Location
- Country: Canada
- Province: British Columbia
- District: Kootenay Land District

Physical characteristics
- Source: Templeton Lake
- • location: Southeast of Golden
- • coordinates: 50°47′21″N 116°34′19″W﻿ / ﻿50.78917°N 116.57194°W
- • elevation: 6,407 ft (1,953 m)
- Mouth: Columbia River (via Columbia Wetlands)
- • location: Upstream from the mouth of the Spillimacheen River

= Templeton River =

The Templeton River is a 21 km long river in British Columbia. It is a tributary of the Columbia River, entering the Columbia via the Columbia Wetlands, upstream from the mouth of the Spillimacheen River.

== Course ==

The Templeton River begins at the outlet of remote Templeton Lake.
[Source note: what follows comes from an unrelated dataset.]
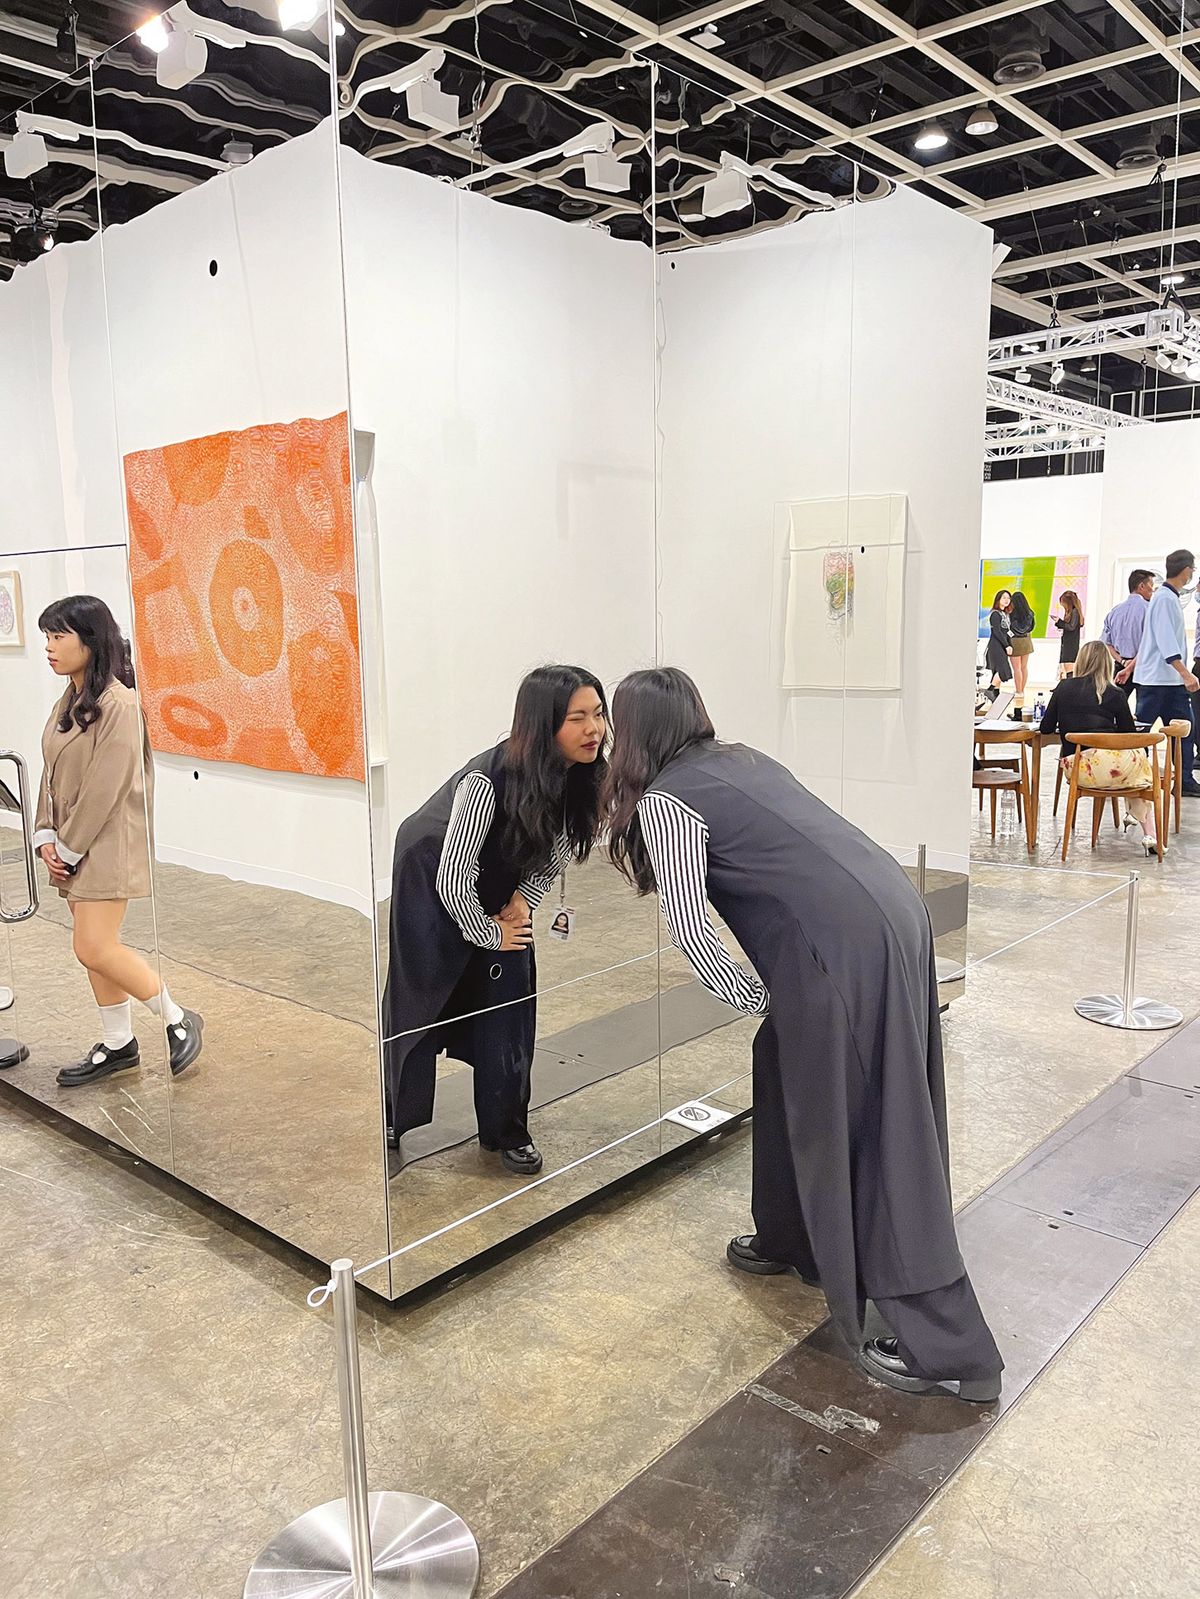 London’s Victoria Miro gallery sold three Yayoi Kusama works, including an Infinity Mirror Room (Where the Lights in My Heart Go, 2016), for a total of $11m Photo: The Art Newspaper; courtesy the artist, Ota Fine Arts and Victoria Miro; © Yayoi Kusama

There are a good-sized set of cascades and waterfalls just below the lake outlet. The river flows in a northeastern direction for about 11.7 km before entering small Lang Lake, which was, prior to May 12, 1965, known as Longs Lake. After exiting Lang Lake, the river moves northeast again, this time for only 1.7 km before changing its direction to southeast and flowing that way for about 7.6 km before picking up its only officially named tributary, Dunbar Creek, after which it empties into the Columbia River.